作为一线测试单位,拿到了结果的翁承基决定结束实验。

        所谓近朱者赤近墨者黑,在梁远这种货色身边呆了两年之后,当年那位面色黝黑一笑起来憨厚得露出八颗洁白牙齿的南子岛淳朴渔民,彻底的一去不复返了。

        隔日的隔日,在港岛呆了三天三观差点被重塑的宁安民从启德机场启程回国,熊伟信则极为低调的从罗湖口岸进入到港岛。

        怡和大厦顶楼,一间顶棚低矮得仿佛十八世纪,木质帆船时代船舱的酒吧里。

        熊伟信和庄天乐隔着一个高脚凳,分别坐在弧形吧台靠窗的一侧。

        “小庄啊,我们这边经费有限,要不是借着怡和的地盘沾着你们这些大老板的光,可来不起这么高档的场合消费。
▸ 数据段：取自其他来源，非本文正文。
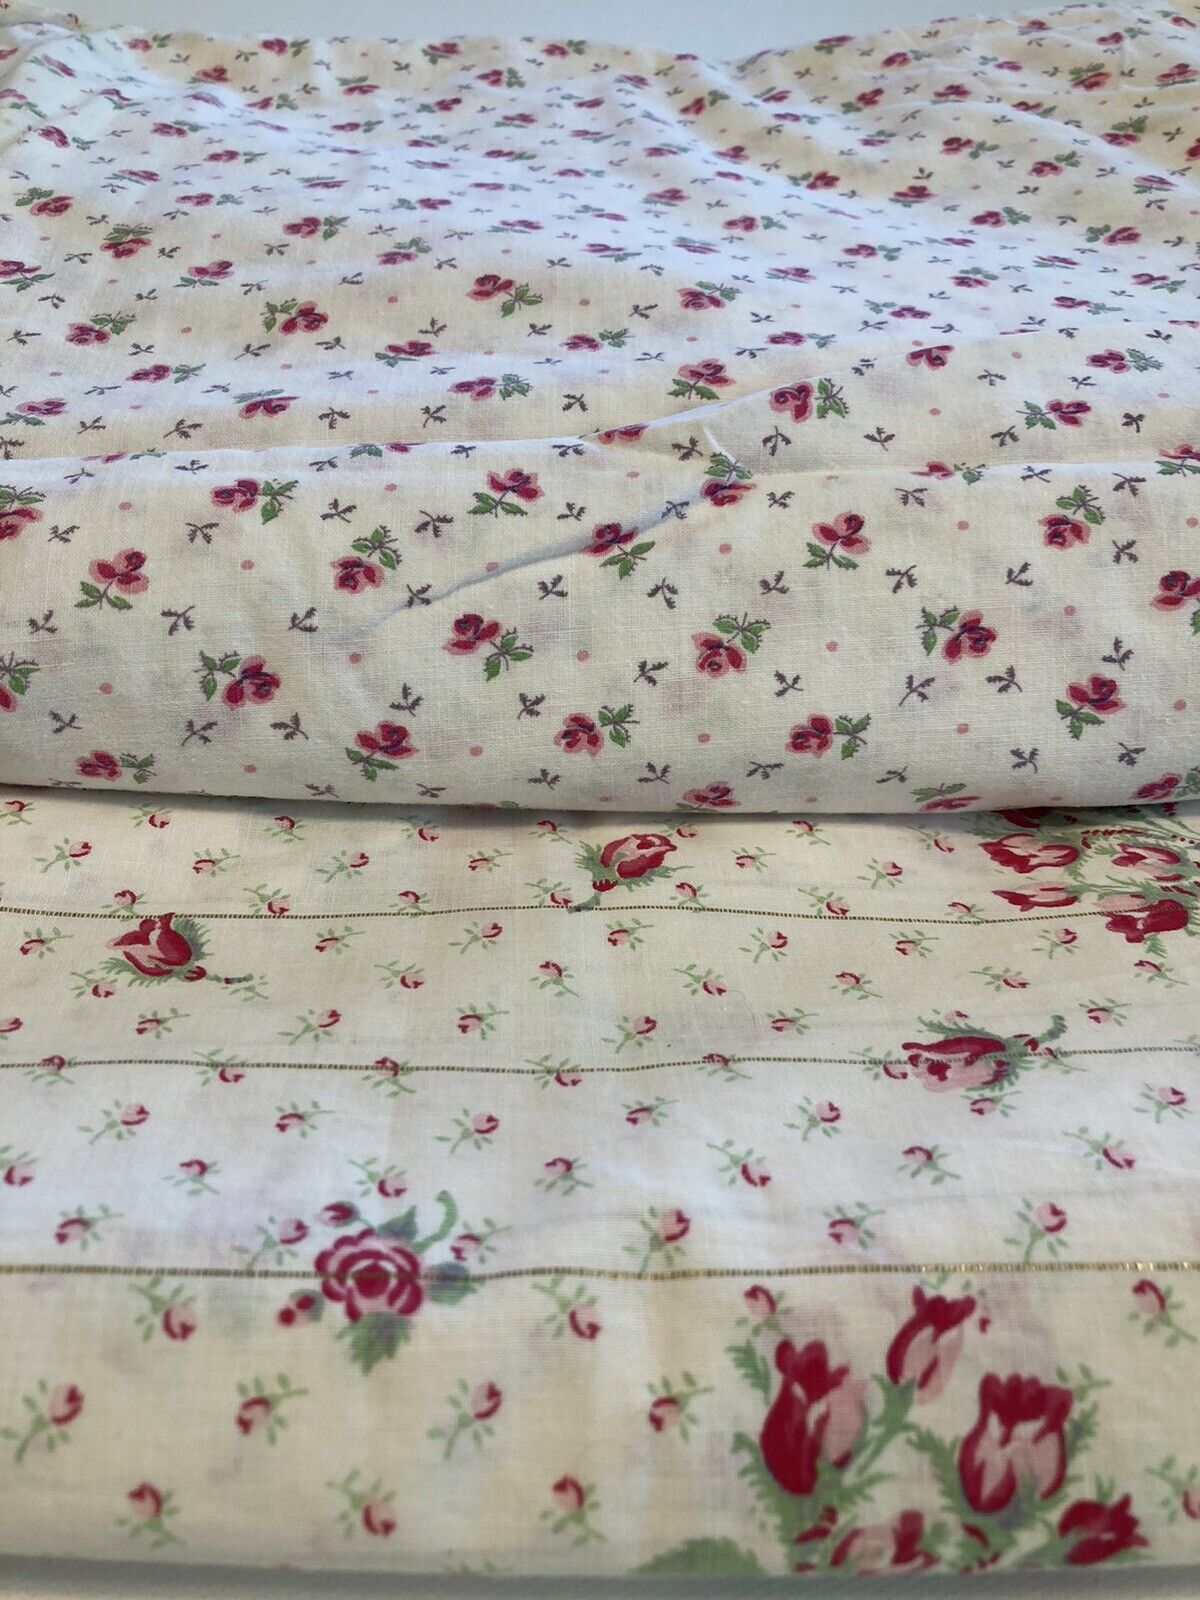 2 Vintage Matress/Duvet Cover Full Size Pink Floral Print Cotton Zipper Closure

”

        一口焖掉不知道哪个年头的拉菲,熊伟信满足的叹了口气,觉得梁远这个新办公区域里,就这个怀旧的酒吧合自己的心思,其他的风格看起来实在是太未来了。

        “熊局,您就别拿我们这些边缘人来开心了,就凭那艘50节的渔船,我们哪敢在熊局身前叫什么老板。”

        看着熊伟信把酒喝掉了,庄天乐也干了杯中的红酒,红酒的味道是一点都没品出来,庄天乐到是觉得自己的苦胆似乎掉在刚刚喝掉的那杯酒里边了。

        原本这次来港前,庄天乐的心情一直是很美丽的,自从被某个不知名的大佬从北美捞出来之后,庄天乐就觉得自己已经走上了人生的高速公路。